3) The Democrats deep down are scared stiff that Hillary Rodham Clinton will have no real competition during the 2008 primaries and they’ll be stuck with a Presidential candidate who is virtually unelectable.
4) It’s that dead time between the elections and the start of the new Congress (and, I might add, the run-up to the 2008 Presidential election), and there’s really nothing else to talk about at Christmas gatherings inside the Beltway.
You’ll notice I didn’t say anything about him being an African-American. Frankly, I don’t see that mattering a whole lot in this day and age. I have a feeling that if Secretary of State Condoleezza Rice or former SoS Colin Powell were at least keeping the door ajar to their own possible Presidential runs, the mainstream dino-media would be all over them too, although, as Republicans, in an obviously different way. (Especially SoS Rice, who oozes a similar – although in a different way – kind of star-power and charismatic presence.)
John Podhoretz in yesterday’s New York Sun dubs Obama the “Rorscach Candidate of 2008′, and I think he is on to something here: He explains:
…This is the key to his appeal, and it places Obama in a very unusual position for an elected politician: He is now the semi-official Rorschach Candidate of 2008.

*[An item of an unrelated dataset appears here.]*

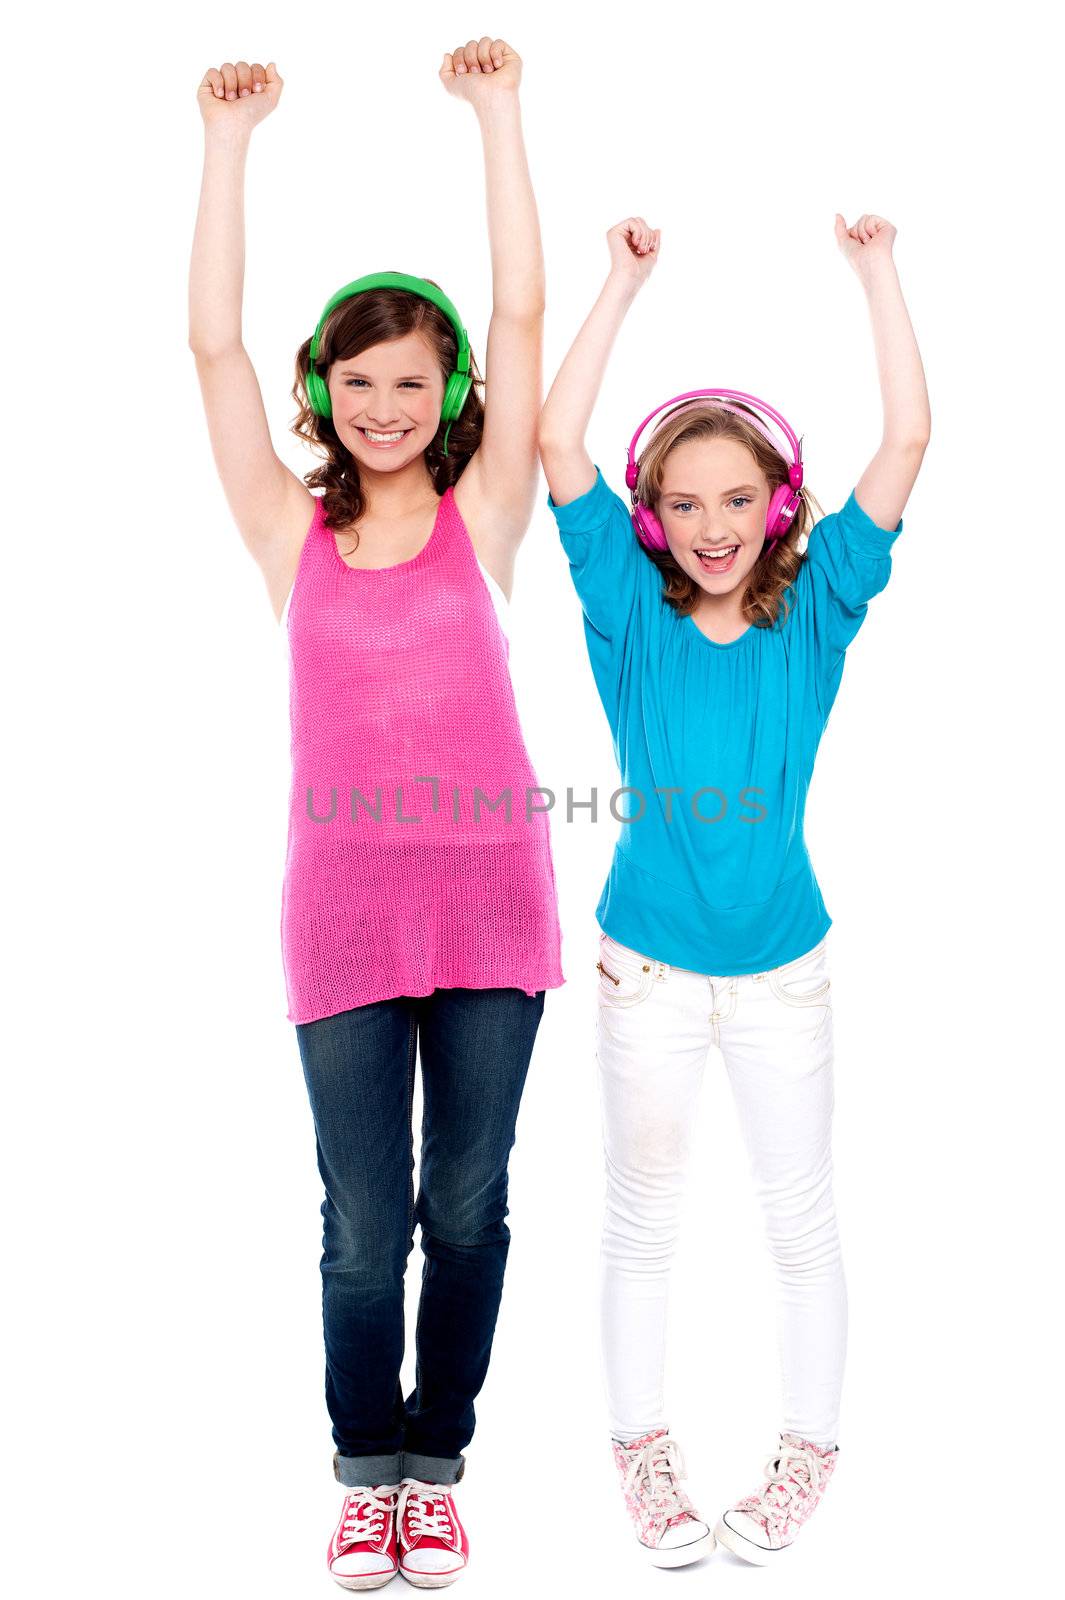 Excited young girls enjoying music together by stockyimages

The Rorschach Candidate is the one who provokes enthusiasm not because of the positions he takes but because of who he is. He doesn’t seem like a politician; he seems to be better than a politician – fresh, new, different.
…
There’s no way of knowing whether Obama will run. But his emergence as the Rorschach Candidate makes it clear that Democrats don’t want this nominating process to turn into a Hillary Clinton coronation – and that’s healthy for the party and its prospects. Just as George Bush was tested by John McCain in 2000 and made battle-ready for the general election, so Hillary will need some testing as well.
All the Obama talk also reveals just how easy Hillary might have it if he isn’t the one to test her: The enthusiasm he provokes is a sign that John Edwards, Tom Vilsack, Evan Bayh, John Kerry and others are exciting to no one.

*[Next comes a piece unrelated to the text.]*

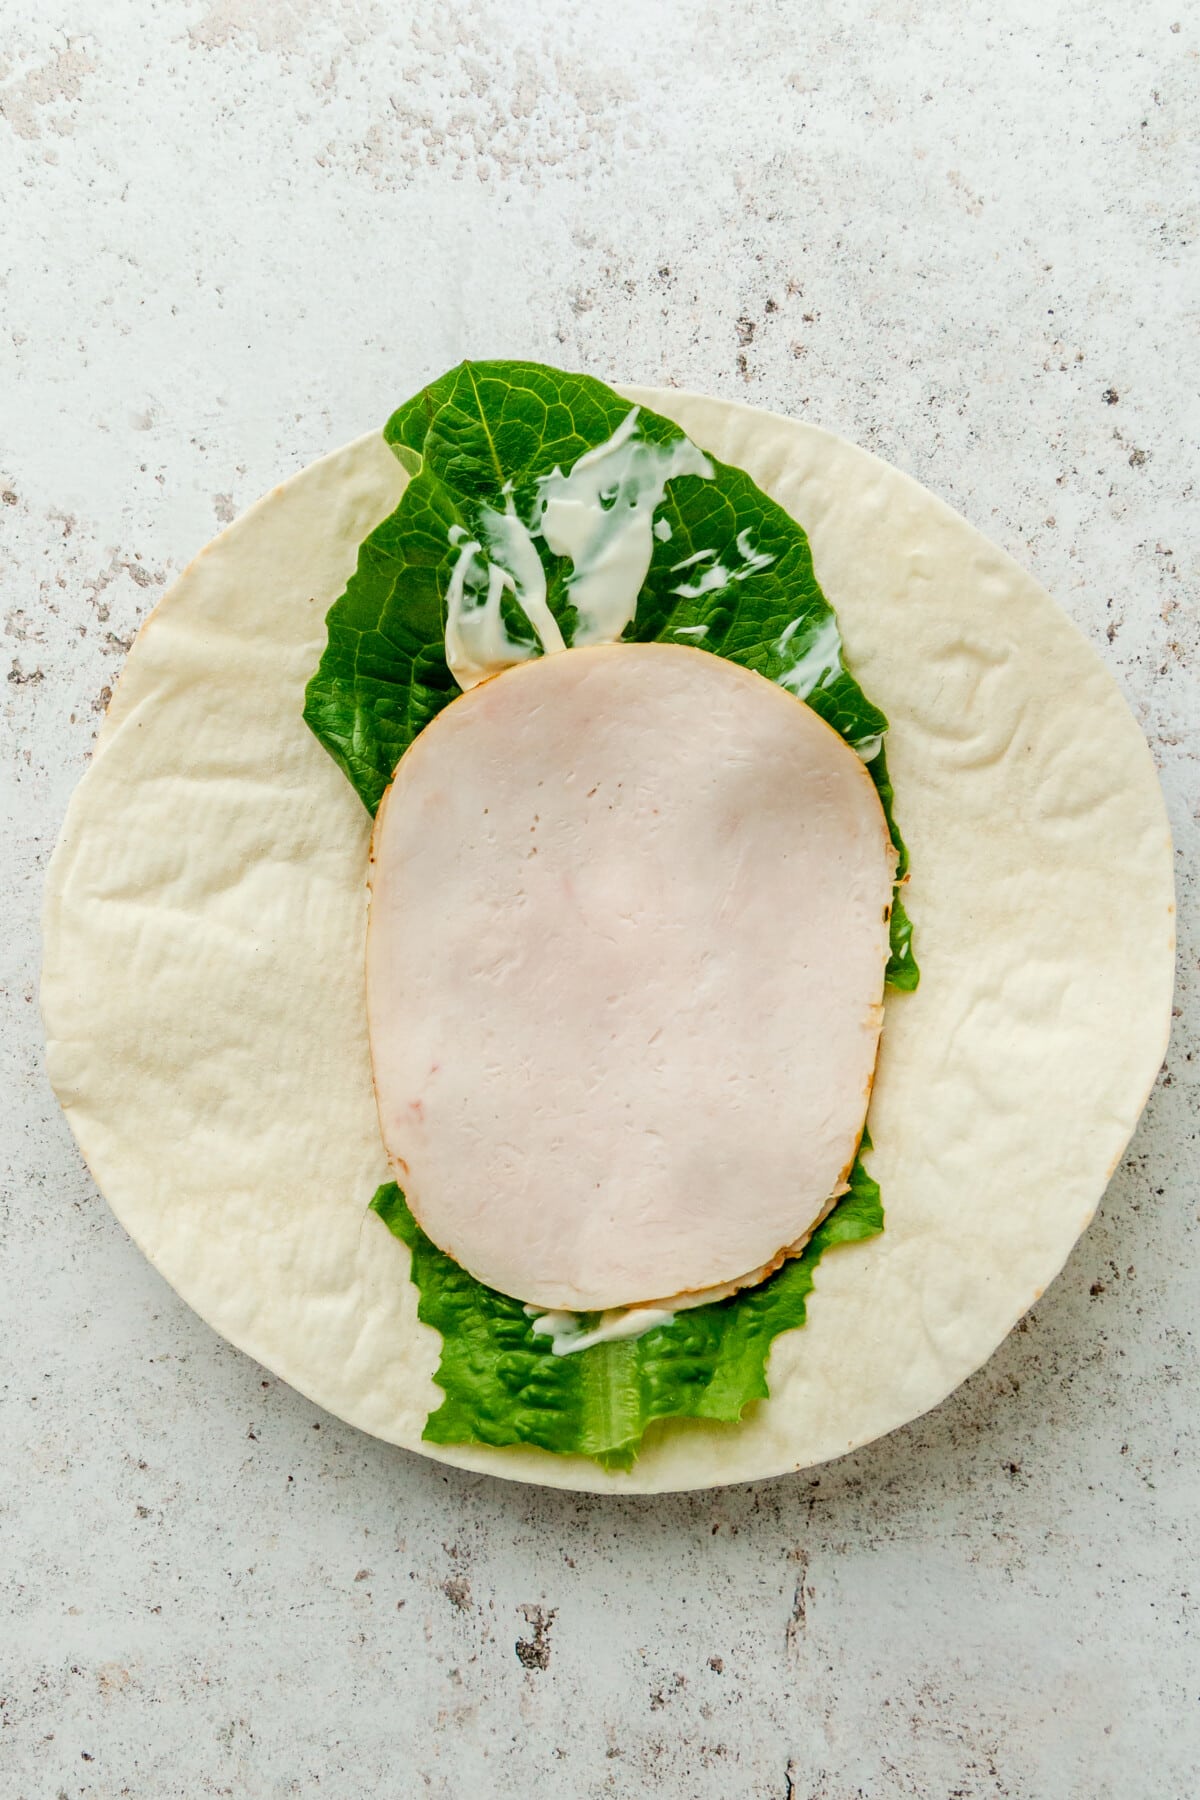 A slice of turkey sits on top of a romaine leaf on a light grey surface.

(Hat tip: NRO’s Corner blog.)
While observers on the Left are wondering what Obama’s true political intentions are, and those on the Right are wondering what he’s ever done politically to warrant even CONSIDERING a White House run, I think it’s all in good fun and politically interesting. (In fact, I dare say the lack of an extensive political record might be considered a favorable trait to an electorate exhausted with all the political sniping, divisiveness, and gridlock of the Clinton/Bush presidencies.)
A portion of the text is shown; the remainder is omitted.